Yeah, the problem is each line needs to be checked against each regular expression. I would think pragmas would constitute less than 1% of the total lines. If there are 8 possible pragmas , then each line that is not a pragma will get checked 8 times.

Unfortunately disabling the rule will not improve run time because the pragmas are detected and classified before any rules are executed.

However, we could set the default pragmas to an empty list. This would short circuit the checks on every line.

I will also investigate any performance improvements I can make.

--Jeremy

jeremiah-c-leary commented 7 months ago

Morning @SittingDuc ,

I pushed an update where I check to see if a line is a comment before trying to apply the regexs.

Let me know if you see any performance improvements.

Thanks,

--Jeremy

SittingDuc commented 7 months ago

Hello,

I have updated to the latest commit and run some straw tests on four 'real' VHDL files representing about 4kloc.. I have a copy of VSG installed by PIP (3.18.0 it says), a copy from the issue-1053 branch, and two copies from the issue-1054 branch - friday with working regexp and monday/today with performance improvements.

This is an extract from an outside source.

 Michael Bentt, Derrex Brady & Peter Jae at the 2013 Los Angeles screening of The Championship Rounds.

With the default configuration, there is not much in it, branch-1053 is the same speed as pip, both at 4.2s, and branch-1054-friday is 5.4s, branch-1054-today is 5.3s. The largest number I see is 133% the pip runtime

With my local configuration file, pip doesn't run, branch-1053 is 8.5s, branch-1054-friday is 10.7s and branch-1054-today is 10.0s; so the performance improvements commit over the weekend is a full 7% faster, and my configuration file is about twice as slow as the default configuration.

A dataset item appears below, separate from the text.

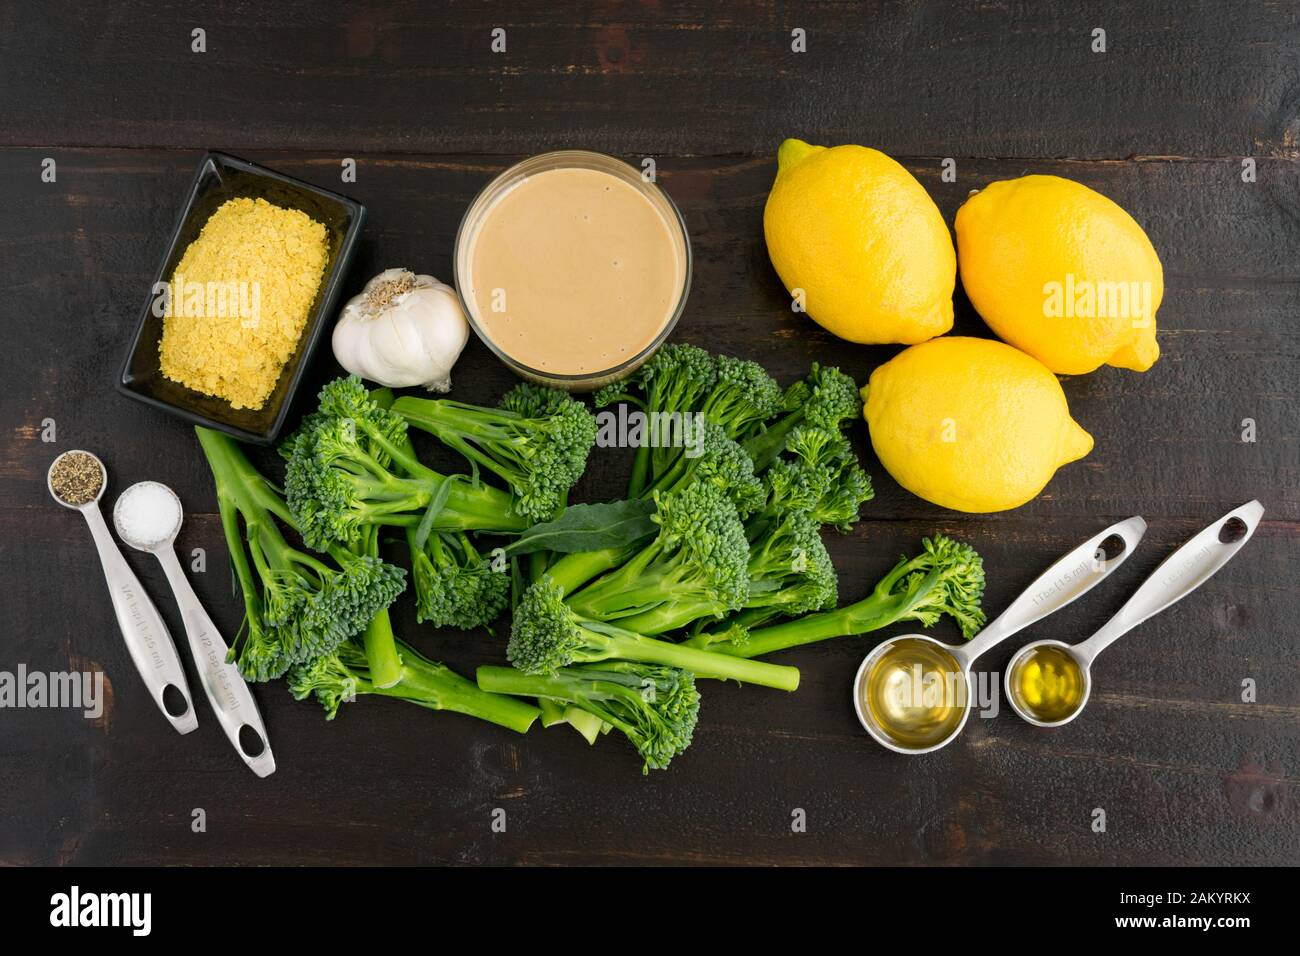 Broccolini with Lemon Tahini Dressing Ingredients: Raw broccolini, lemons, tahini, and other ingredients Stock Photo

Which I think is a lot of words to say (I feel) the performance improvement commit is worth keeping, and the end of the branch represents a working fix for the original feature request :+1:

jeremiah-c-leary commented 7 months ago

Evening @SittingDuc ,

The largest number I see is 133% the pip runtime

Wow, 133% is quite significant.

In order to go faster I'm afraid I would need to re-write VSG in another language like C++ or Rust.

Which I think is a lot of words to say (I feel) the performance improvement commit is worth keeping, and the end of the branch represents a working fix for the original feature request

Sweet, I will get this merged to master.

--Jeremy